> For clean Markdown of any page, append .md to the page URL.
> For a complete documentation index, see https://docs.nvidia.com/dsx/llms.txt.
> For full documentation content, see https://docs.nvidia.com/dsx/llms-full.txt.
> For AI client integration (Claude Code, Cursor, etc.), connect to the MCP server at https://docs.nvidia.com/dsx/_mcp/server.

# Introduction

This document outlines a software reference guide intended to help NVIDIA Cloud Partners (NCPs), Cloud Service Providers (CSPs), and Independent Software Vendors (ISVs) build AI cloud services on NCP hardware platforms. It presents an infrastructure-native Northstar reference that supports multi-tenancy and elastic resource allocation.

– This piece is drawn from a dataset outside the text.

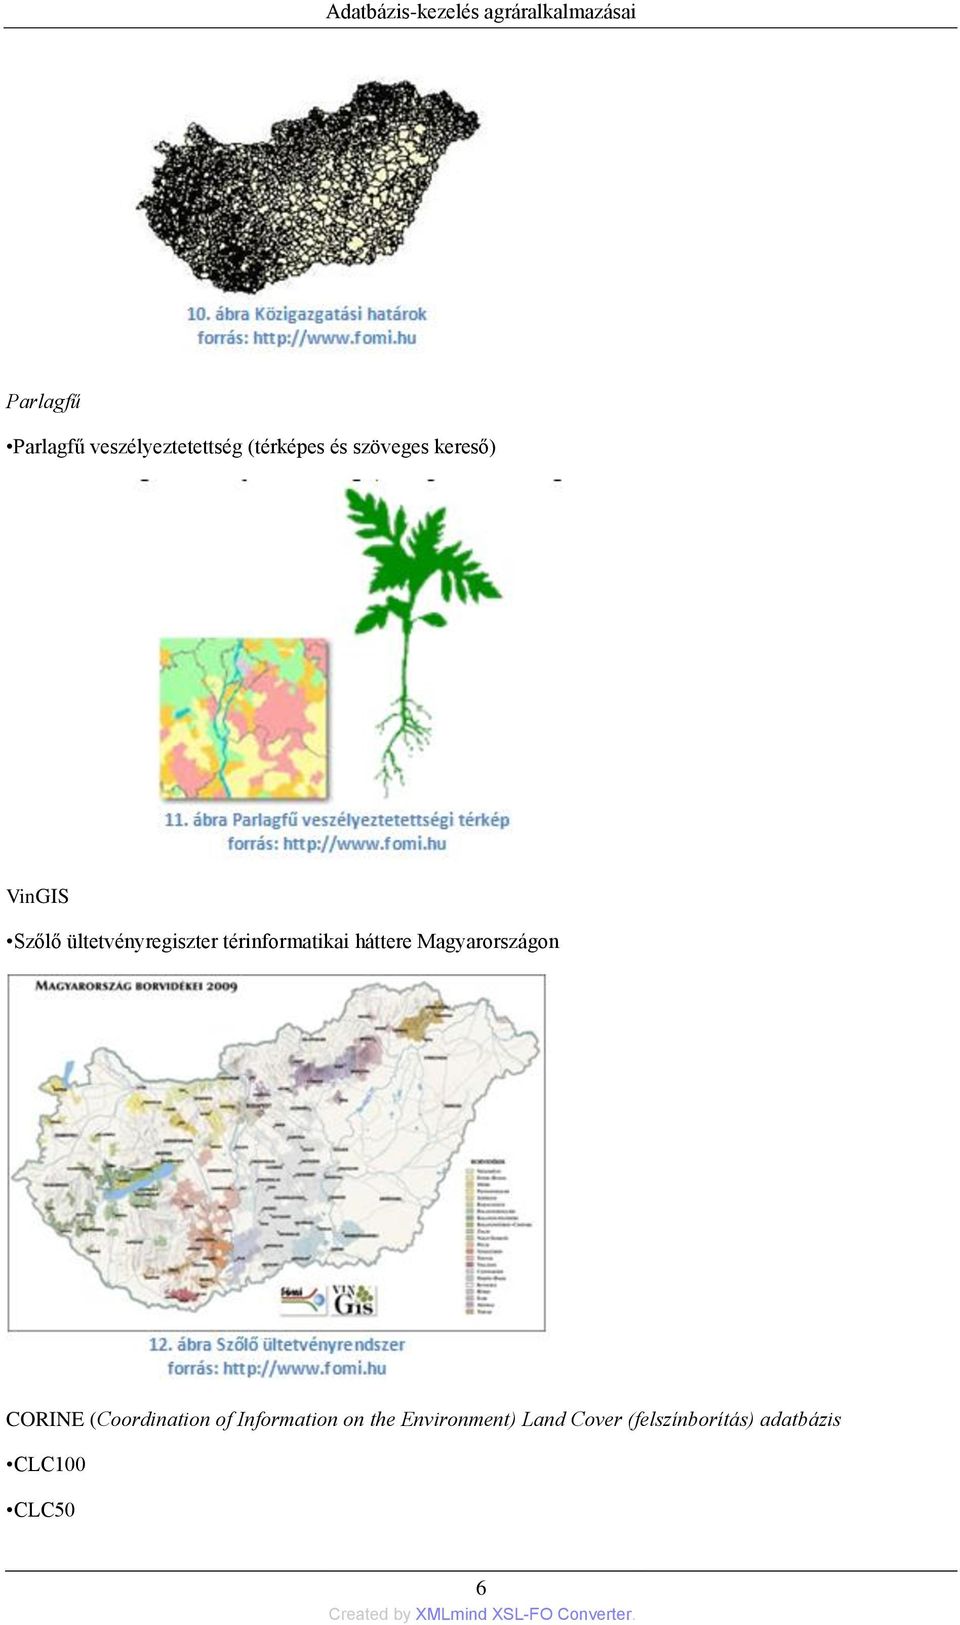 ültetvényregiszter térinformatikai háttere Magyarországon CORINE

As inference workloads grow in importance, organizations increasingly require fungible compute resources that can dynamically satisfy multi-tenant training and inference workloads. This shift has driven the need for a cloud-native approach to building and operating AI service stacks.

This document describes how to build such a solution using Kubernetes and modern AI Platform-as-a-Service (PaaS) offerings. The document also provides guidance on optimizing the performance of AI inference and training within a virtualized environment, where workloads can run on either shared or dedicated physical hosts.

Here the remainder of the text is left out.